**YOUR INSTRUCTIONS:**
Write every line below out again exactly, images omitted.

**SOURCE MATERIAL:**
/---

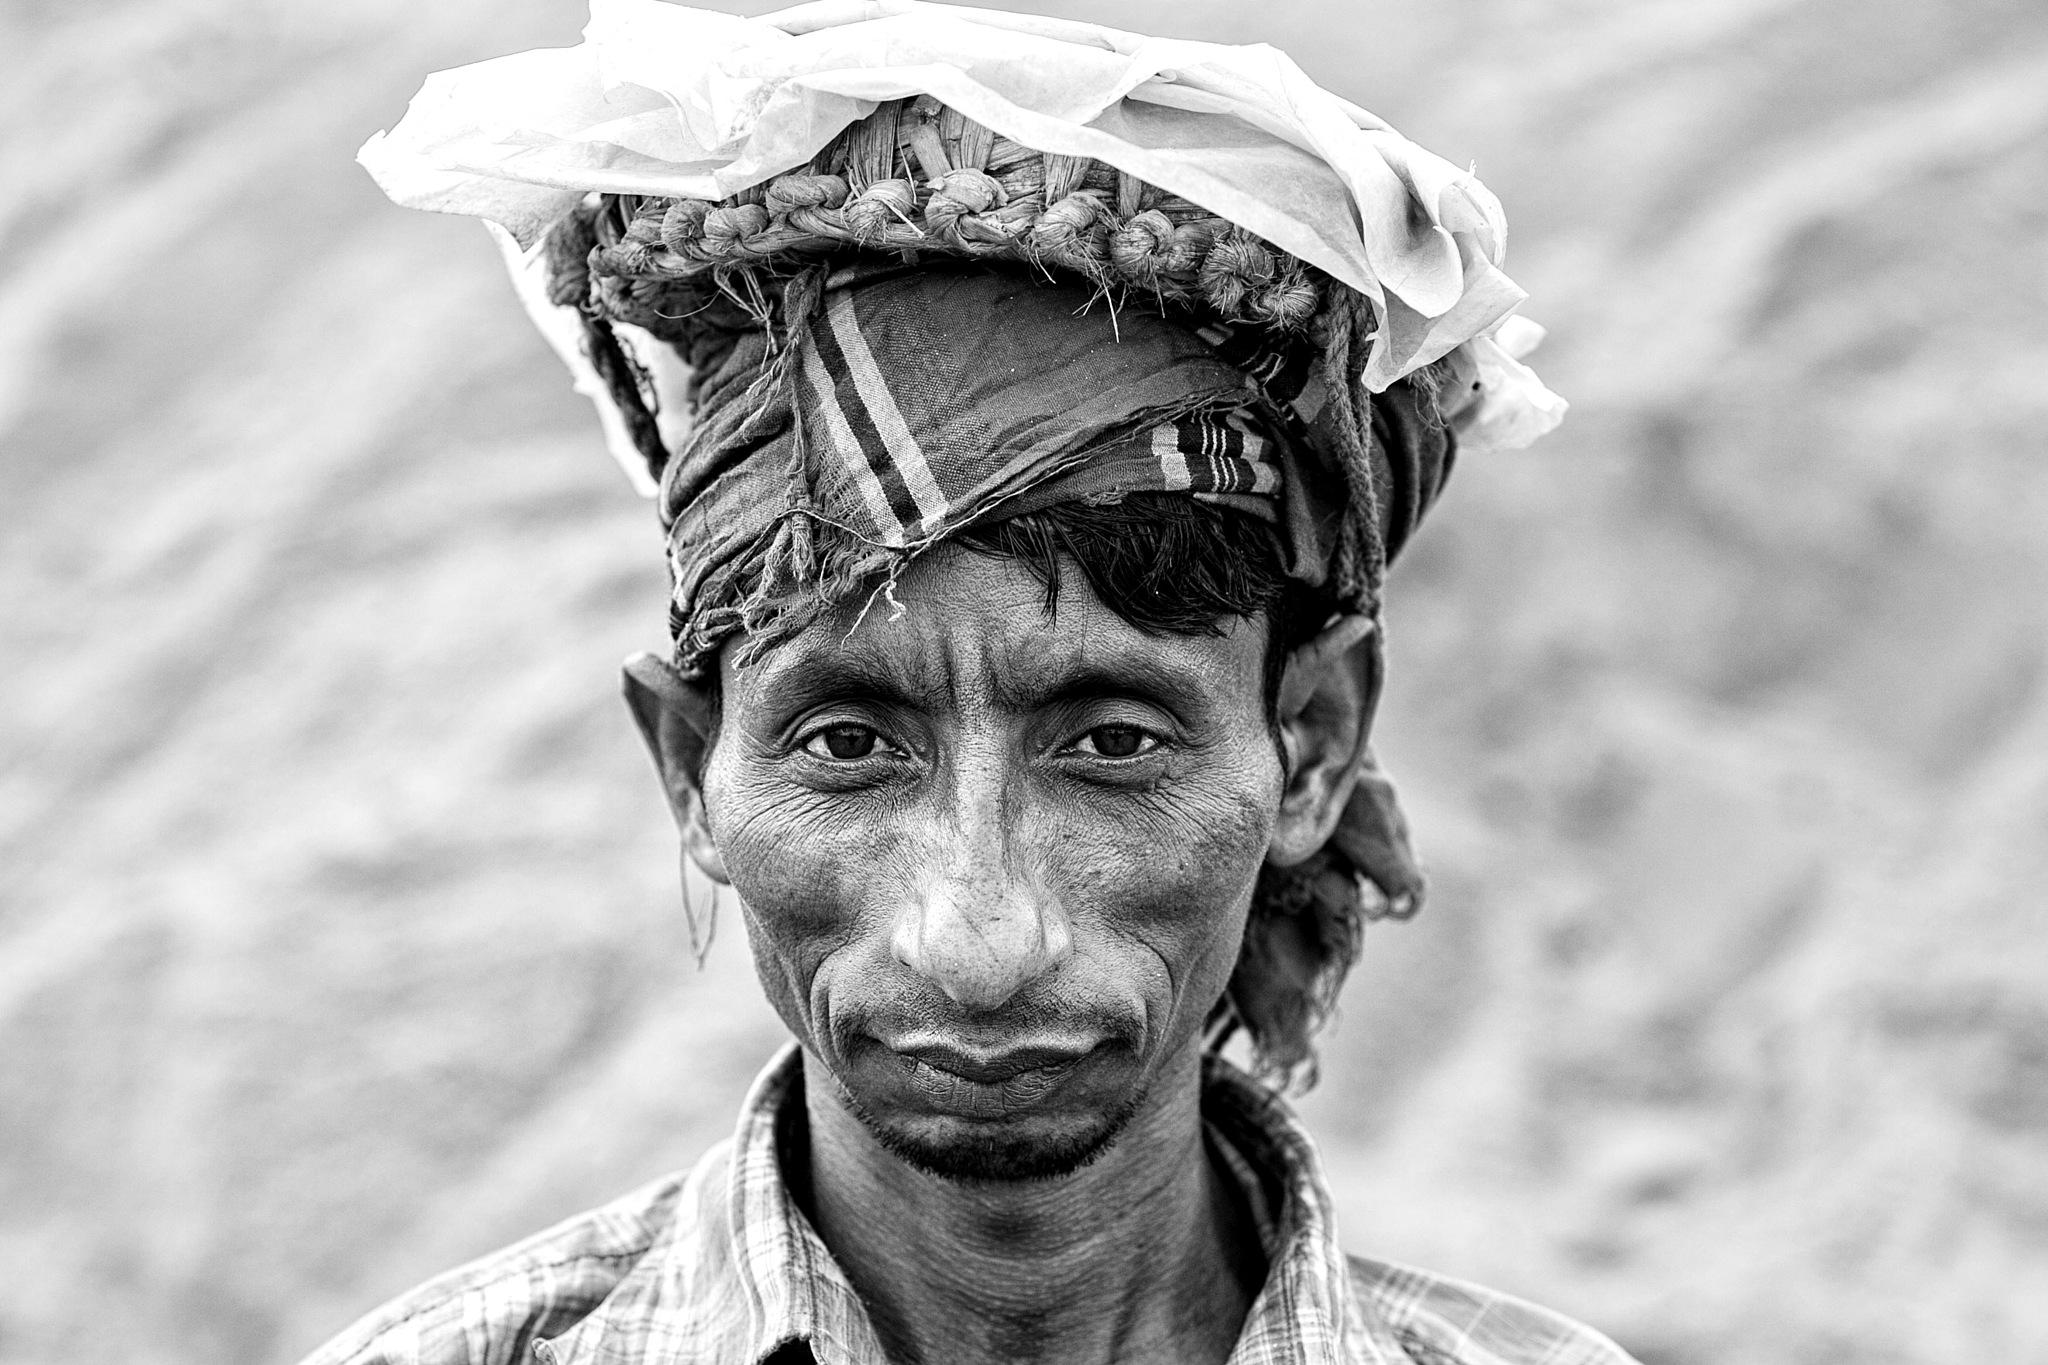 Soft Hat Guy by Mahesh Krishnamurthy
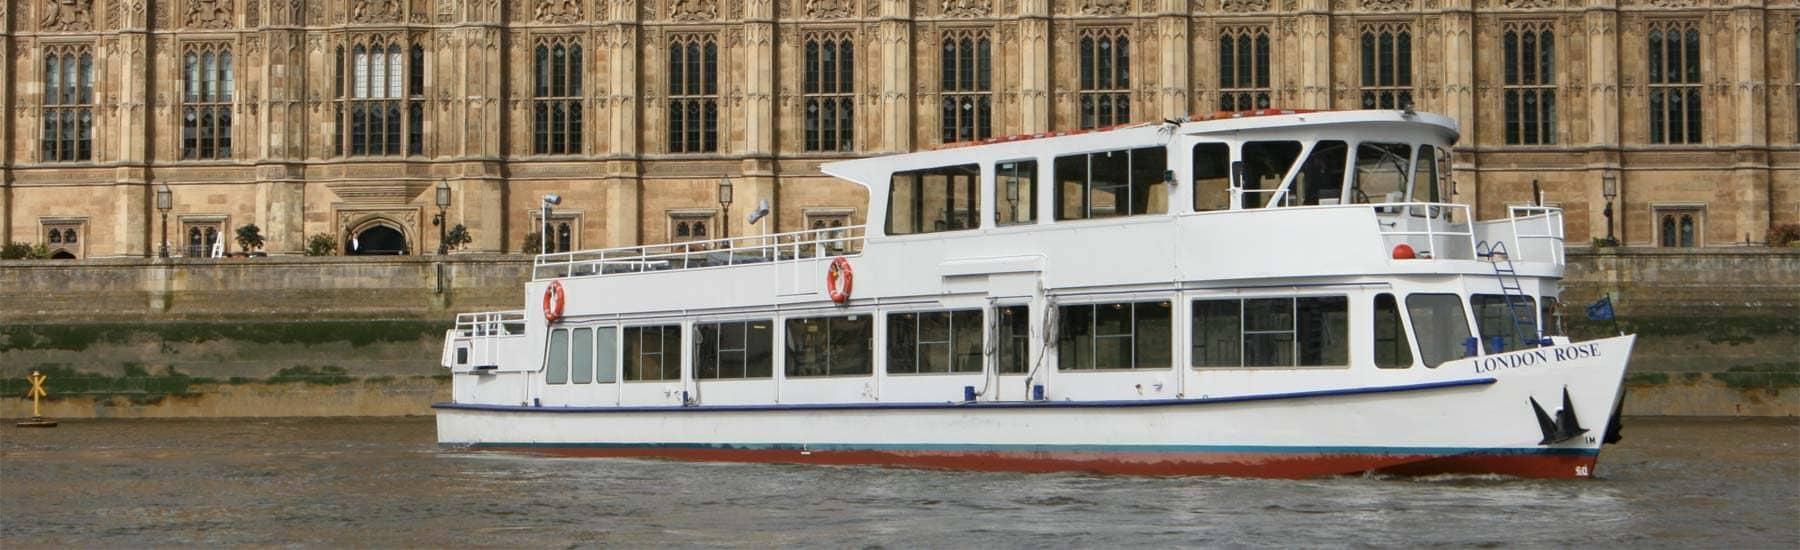 Our Fleet, M.V London Rose at Westminster
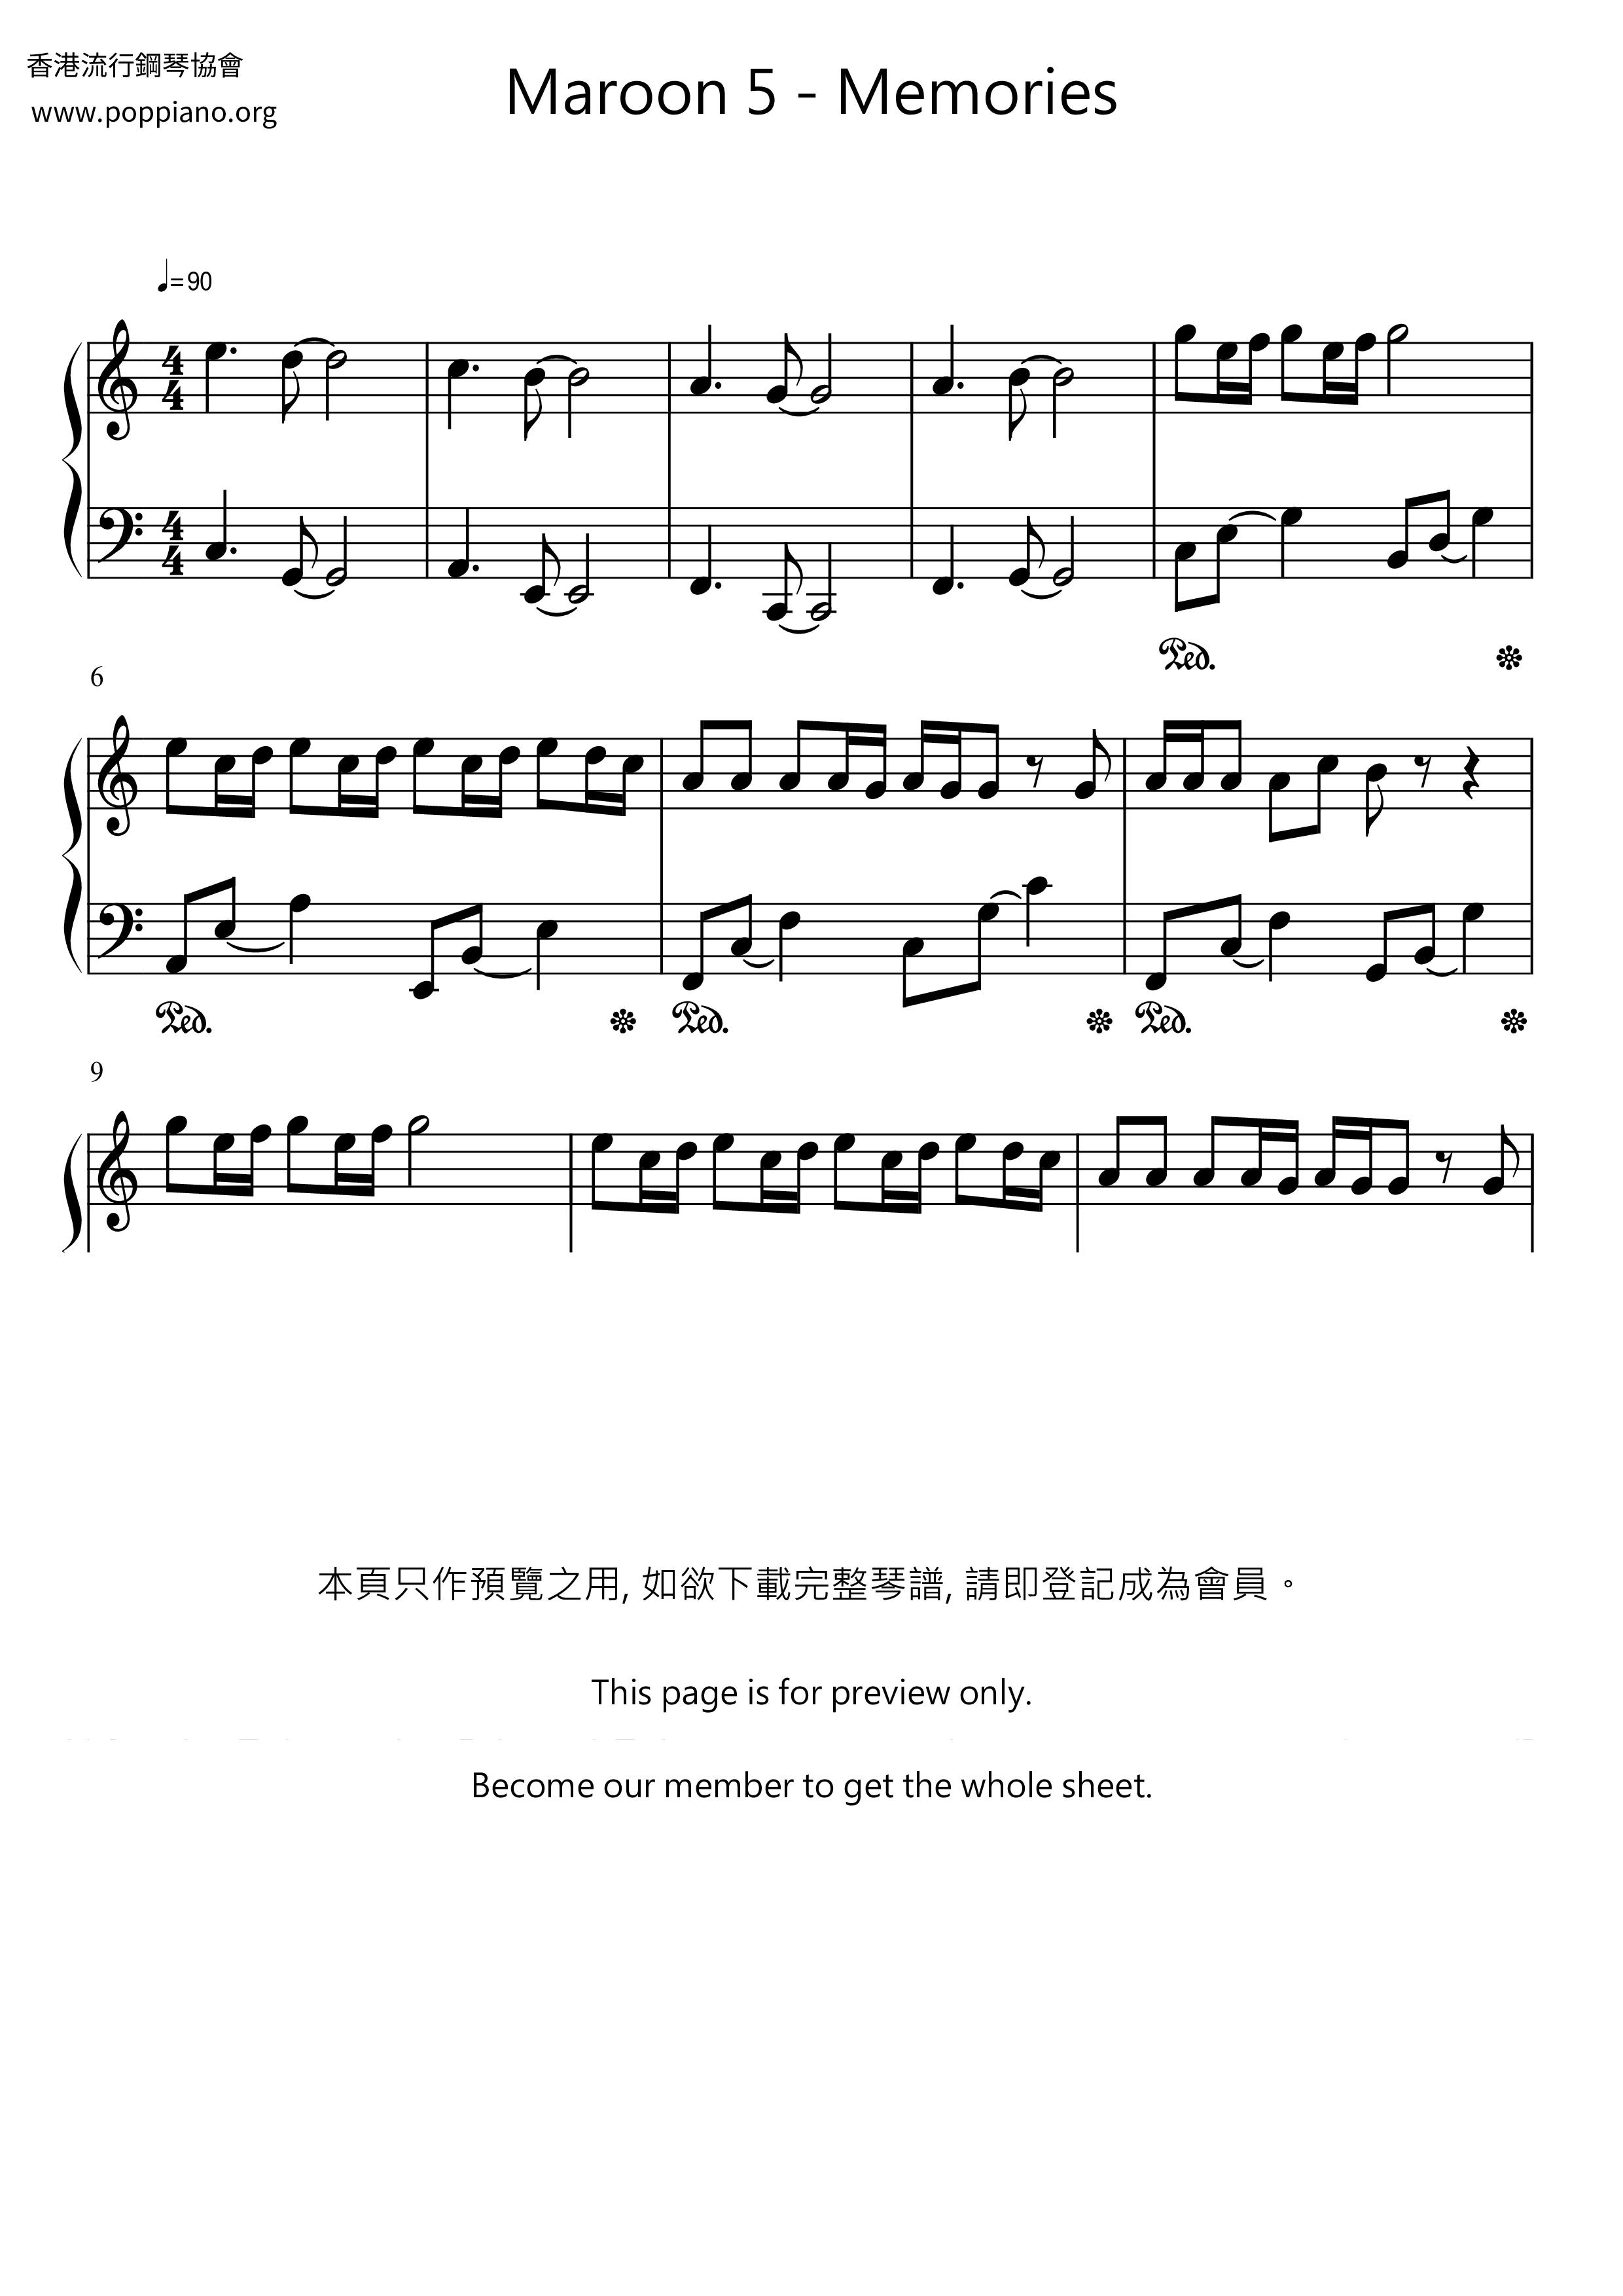 Memories Sheet Music Piano Score Free Pdf Download Hk Pop Piano Academy

\---

**SOLVED PROBLEM:**
 Soft Hat Guy by Mahesh Krishnamurthy
 Our Fleet, M.V London Rose at Westminster
 Memories Sheet Music Piano Score Free Pdf Download Hk Pop Piano Academy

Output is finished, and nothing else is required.